_DATA SHOWN_:
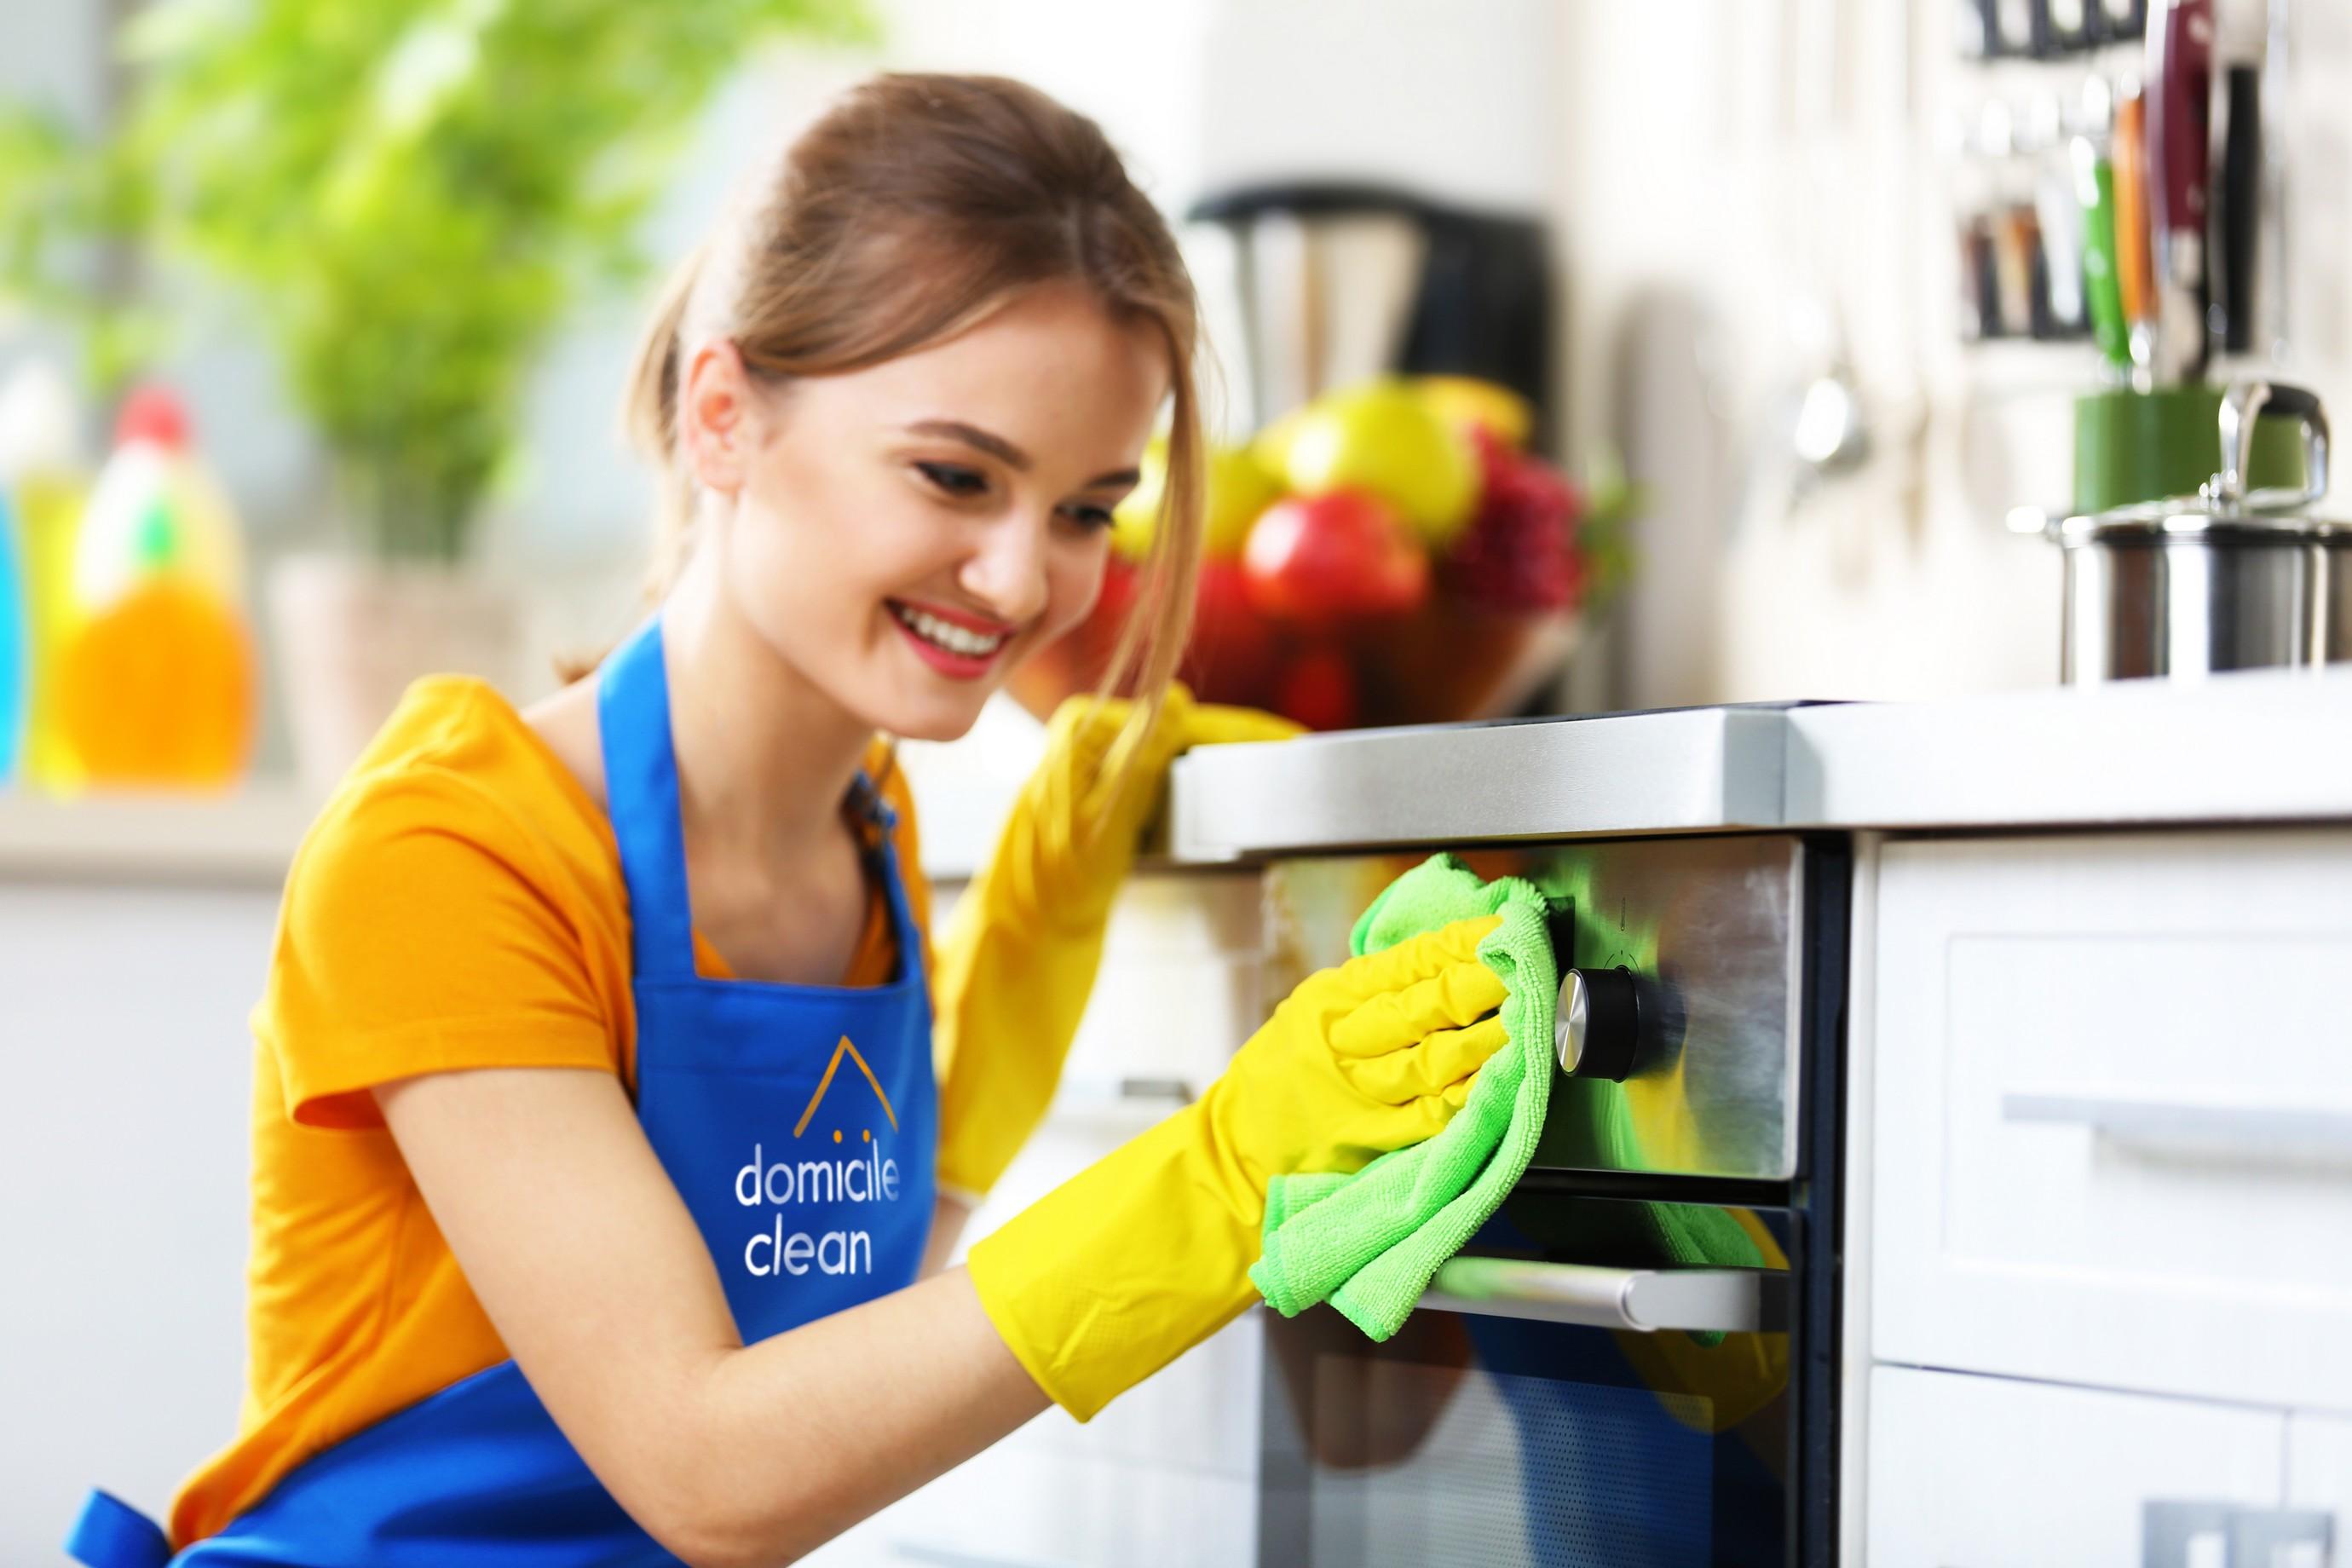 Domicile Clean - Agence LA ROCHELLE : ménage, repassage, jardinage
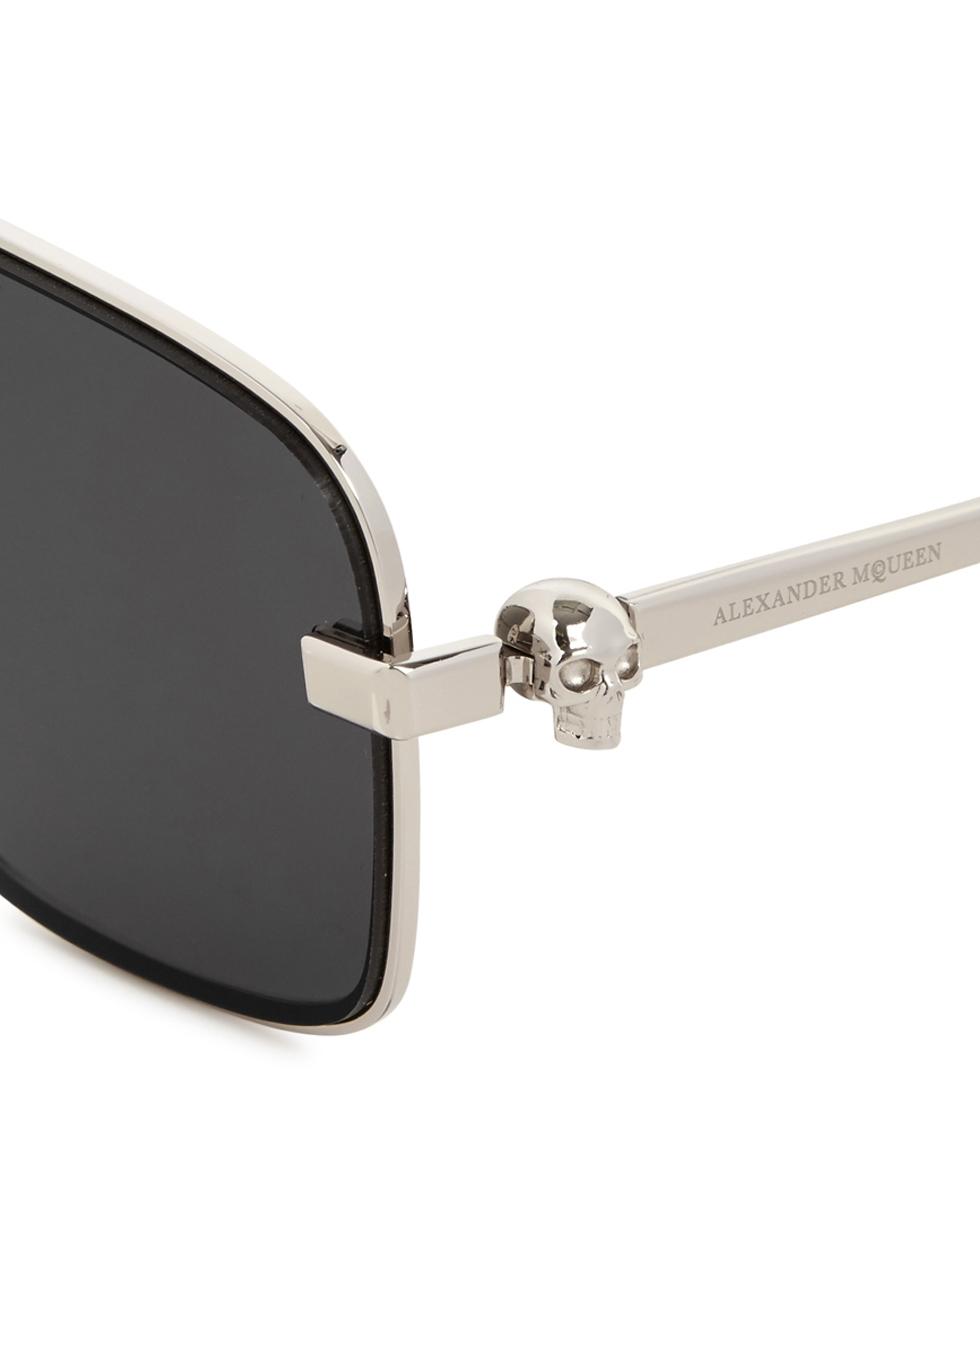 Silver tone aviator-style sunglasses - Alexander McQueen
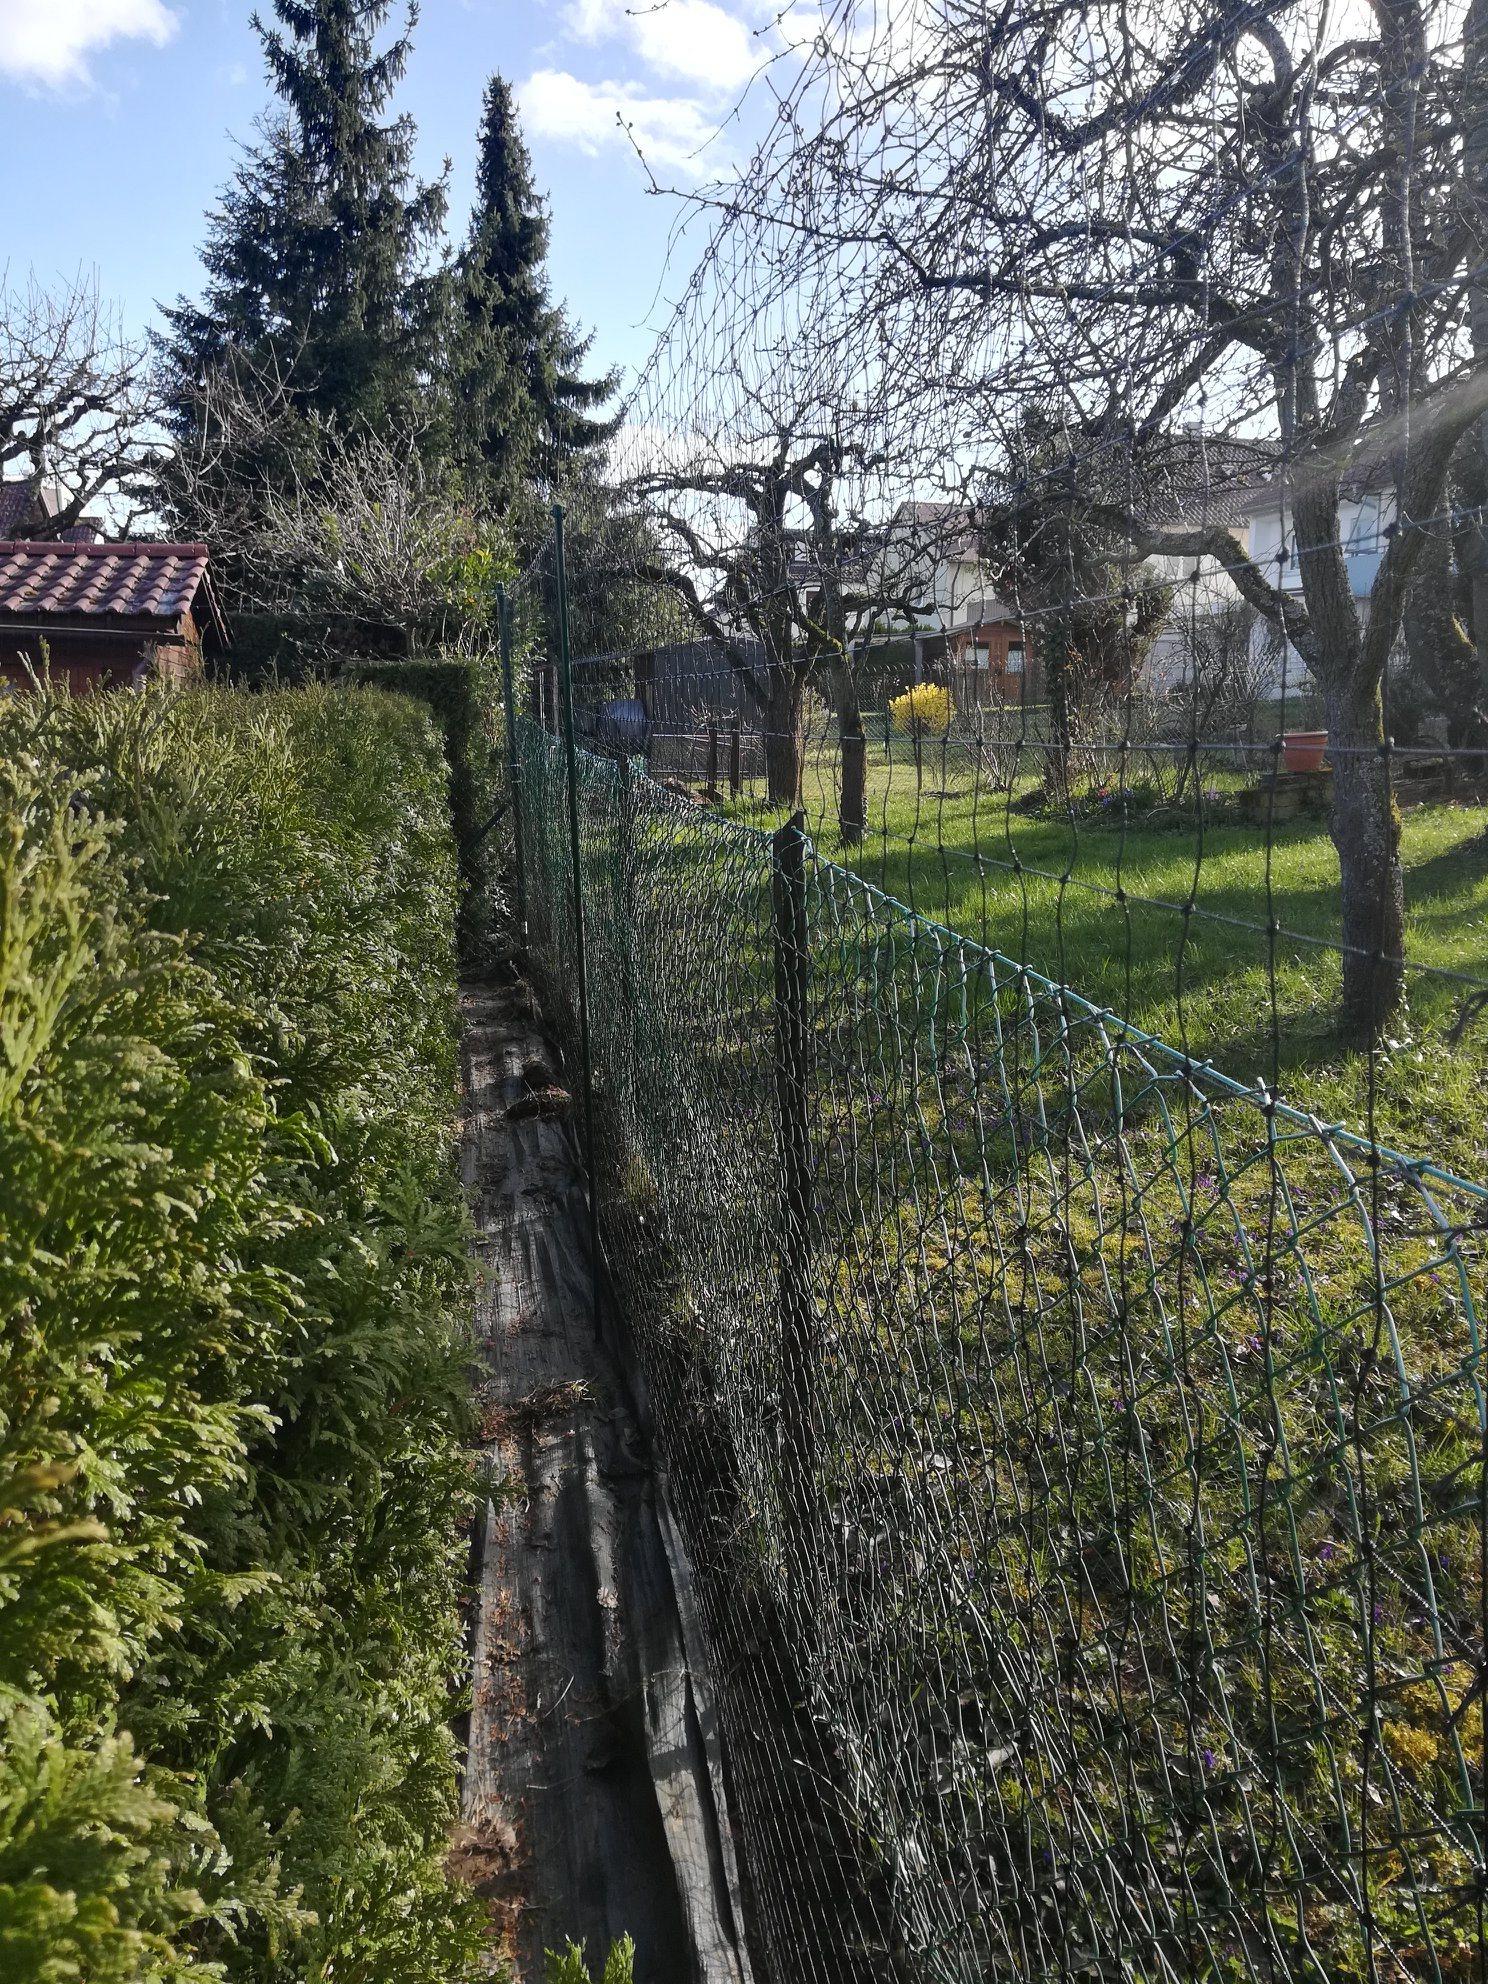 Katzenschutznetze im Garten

_WHAT YOU HAVE TO DO_:
Reproduce, word for word, every line from the one that contains "Silver tone aviator-style" to the end of the data, including both ends; omit all pictures.

_RESPONSE AREA_:
 Silver tone aviator-style sunglasses - Alexander McQueen
 Katzenschutznetze im Garten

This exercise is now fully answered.